Skip to content

fix(fleet-data): bound external subprocess calls with wait-with-deadline#164

Merged
NagyVikt merged 1 commit into
mainfrom
fix/fleet-data-subprocess-timeouts
May 16, 2026
Merged

fix(fleet-data): bound external subprocess calls with wait-with-deadline#164
NagyVikt merged 1 commit into
mainfrom
fix/fleet-data-subprocess-timeouts

Conversation

@NagyVikt
Copy link
Copy Markdown
Contributor

Summary

Wraps every external subprocess call in fleet-data with a sync wait-with-deadline so a hung child (network stall, auth prompt, wedged tmux) can no longer freeze the dashboards' 250ms tick.

Freeze vector being closed

Before this PR, each dashboard tick could shell out to tmux, agent-auth, git, or gh and block indefinitely on Command::output() / Child::wait_with_output().
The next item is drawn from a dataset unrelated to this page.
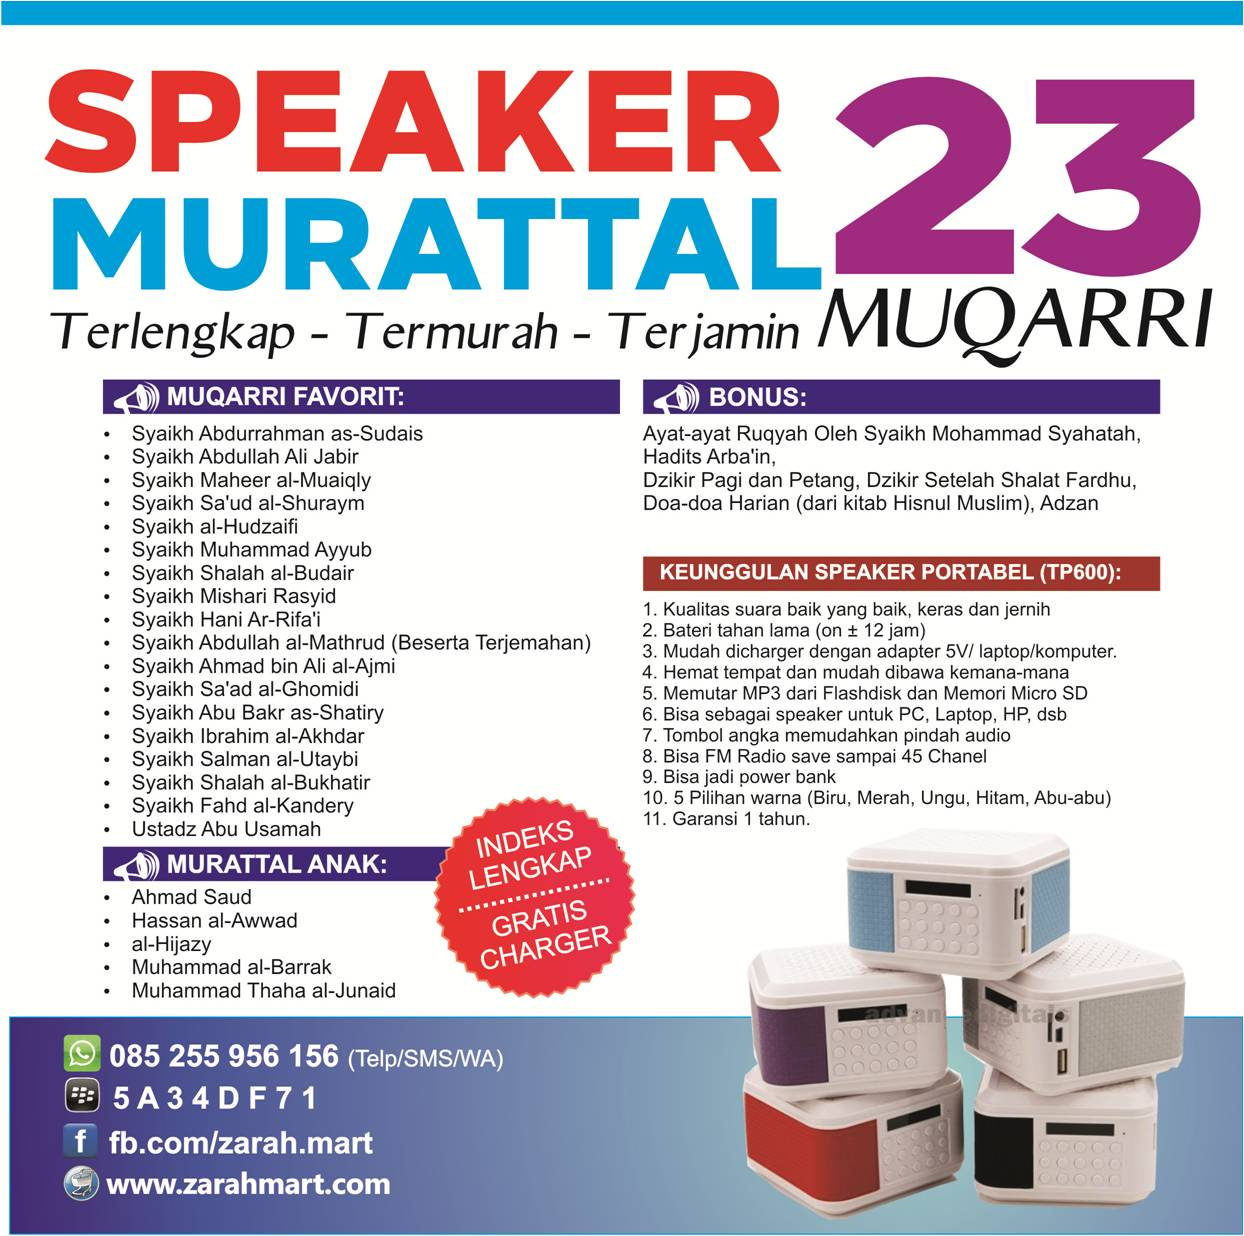 Speaker Murattal 23 Muqarri

A single wedged child (tmux server lock contention, agent-auth prompting for credentials, a stalled gh pr list over a slow network) would stall the entire UI until killed manually.

New module

rust/fleet-data/src/subprocess.rs exports:

pub fn output_with_deadline(
    cmd: std::process::Command,
    deadline: std::time::Duration,
) -> std::io::Result<std::process::Output>

Spawns, polls try_wait on a 10ms loop, kills + reaps on expiry, returns io::ErrorKind::TimedOut. Sync on purpose (the crate is sync).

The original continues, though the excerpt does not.